Figure 4 illustrates a workflow focused on predicting customer churn using the IBM Telco Churn dataset, which contains 7043 rows and 21 features.
The process begins by loading the dataset and moving into Exploratory Data Analysis (EDA) and data pre-processing and transformation. During this phase, the workflow checks for potential issues such as missing values, outliers, duplicate records and categorical (non-numeric) features. The first major step involves classifying customers into two categories: churn or no churn. A hyperparameter optimization process using Grid Search combined with 5-fold cross-validation was performed to identify the best-performing configuration for each classifier. This ensured a balanced trade-off between model complexity and generalization performance.
The models are evaluated using performance metrics. Based on these evaluations, the best-performing classifier is selected.
The second major step in the workflow introduces DiCEML. It focuses on explainability and ethical considerations. It explores CF explanations to identify what minimal changes in a customer’s features could lead to a different churn outcome. It also determines which features are most suitable to vary, simulates alternative scenarios and checks the model for potential biases. Finally, insights are interpreted from the analyses, leading to actionable decisions. This flowchart combines ML with interpretability techniques to provide explainable churn predictions.
A summary of our methodological pipeline, including the layered approach involving classification, counterfactual reasoning and bias detection, is provided in
Table 7.
4. Results
In a customer churn classification problem,
recall is generally more important than precision, though the choice depends on the business objectives. Churn detection is a high-stakes problem in business as missing a churner (false negative) means losing a customer, which is costly [
38]. Therefore, businesses prefer to act on potential churners.

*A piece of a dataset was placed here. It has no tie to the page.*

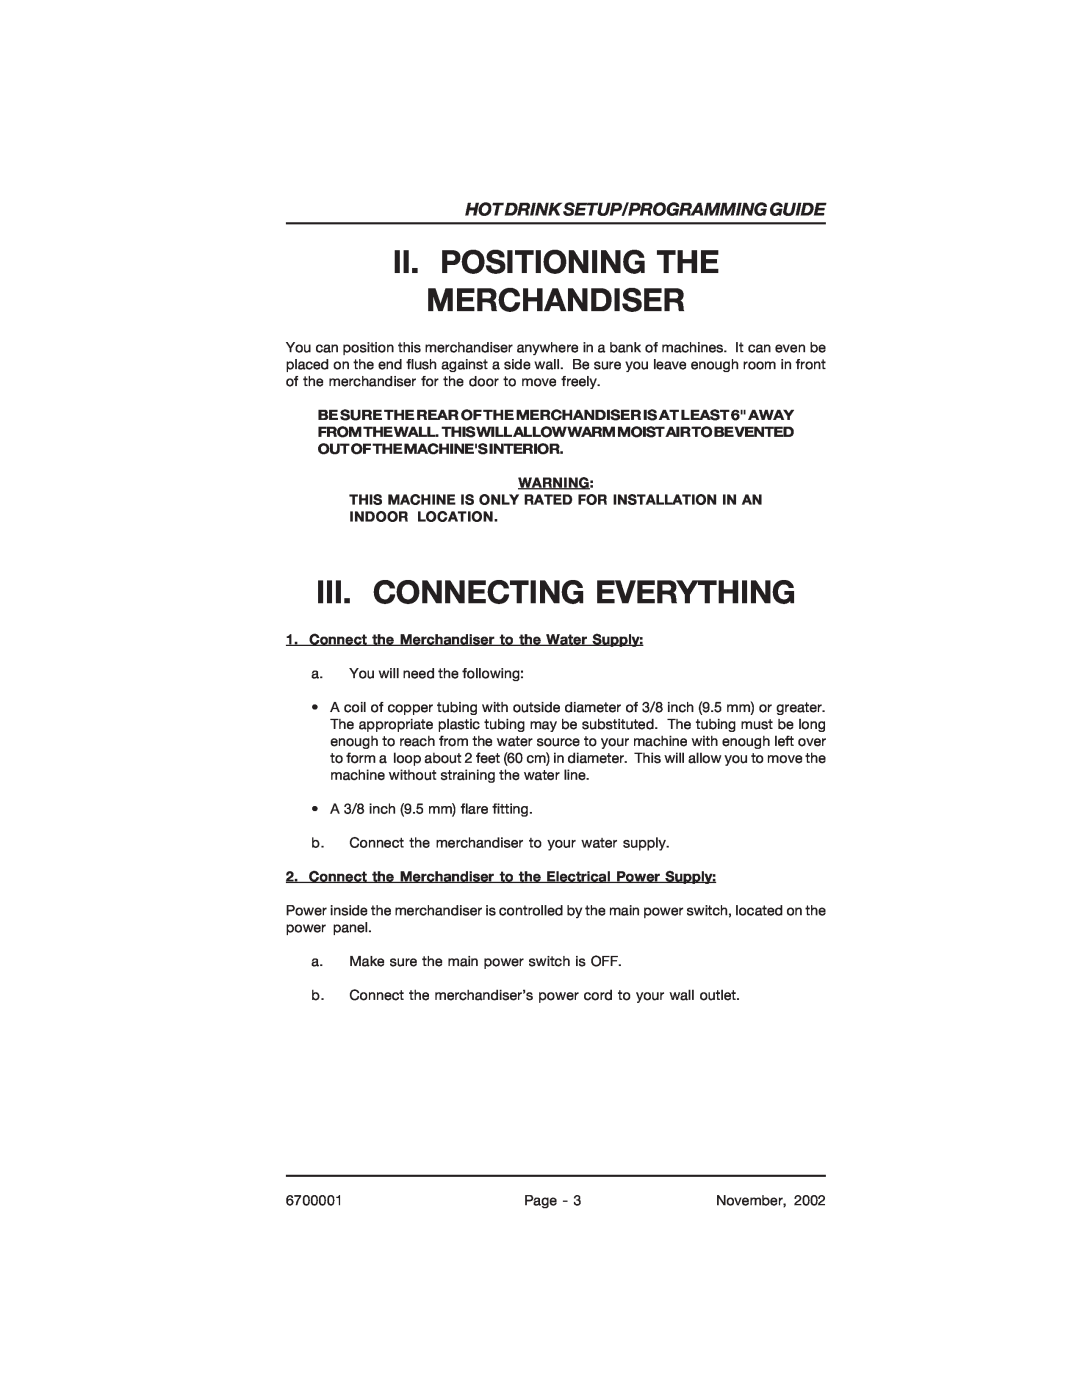 Crane Merchandising Systems 678, 670 manual Ii. Positioning The Merchandiser, Iii. Connecting Everything 
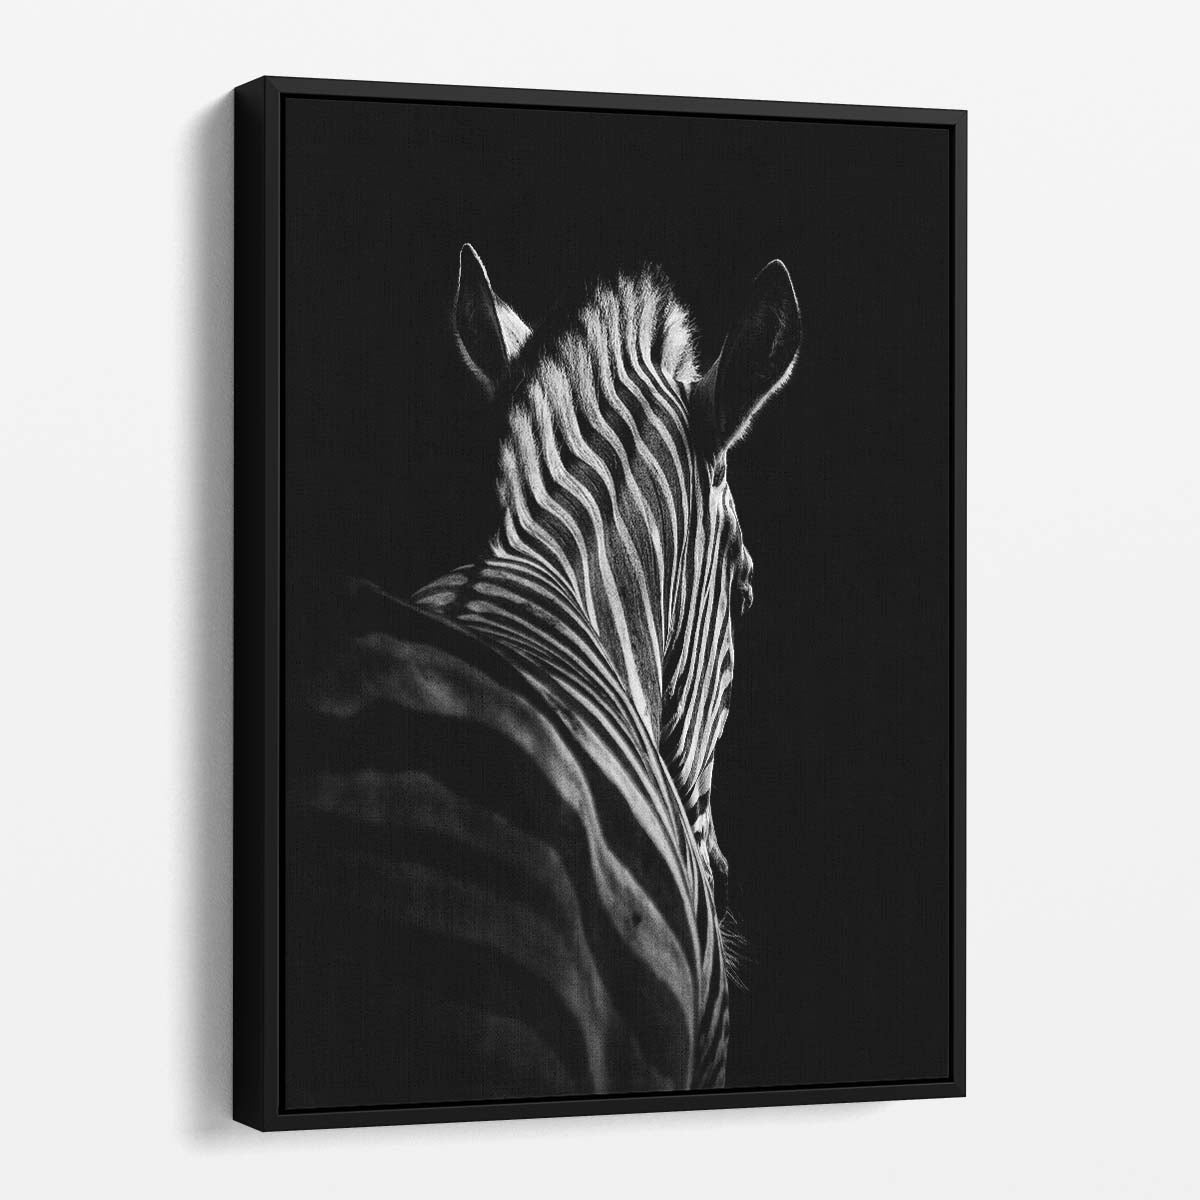 Minimalistic Monochrome Zebra Photography Wall Art, Duisburg Zoo Germany by Luxuriance Designs, made in USA

From a recall point of view in
Table 8, the BRF model has the highest recall score at 0.7160, meaning it is the best at capturing true churn cases. This is expected, as it is specifically designed to handle class imbalance, which is common in churn datasets. Although it has lower precision (0.5517), its strong recall makes it valuable if the goal is to catch as many churners as possible, even at the cost of more false positives.
The six confusion matrices in
Figure 5 provide a visual breakdown of how each model classifies churned and non-churned customers. LR has the highest AUC at 0.86, showing it has the strongest overall ability to separate churn from non-churn cases (
Figure 6). LGBM follows closely with an AUC of 0.85, suggesting it also performs very well in general classification tasks (as in
Figure 6). BRF and XGB both achieve an AUC of 0.84, which confirms their reliability, particularly BRF given its earlier high recall (identifying the highest number of churners: 411). RF slightly lags with an AUC of 0.83, but still performs competitively. DT, with an AUC of only 0.67, performs noticeably worse than the ensemble and logistic models, making it the weakest classifier.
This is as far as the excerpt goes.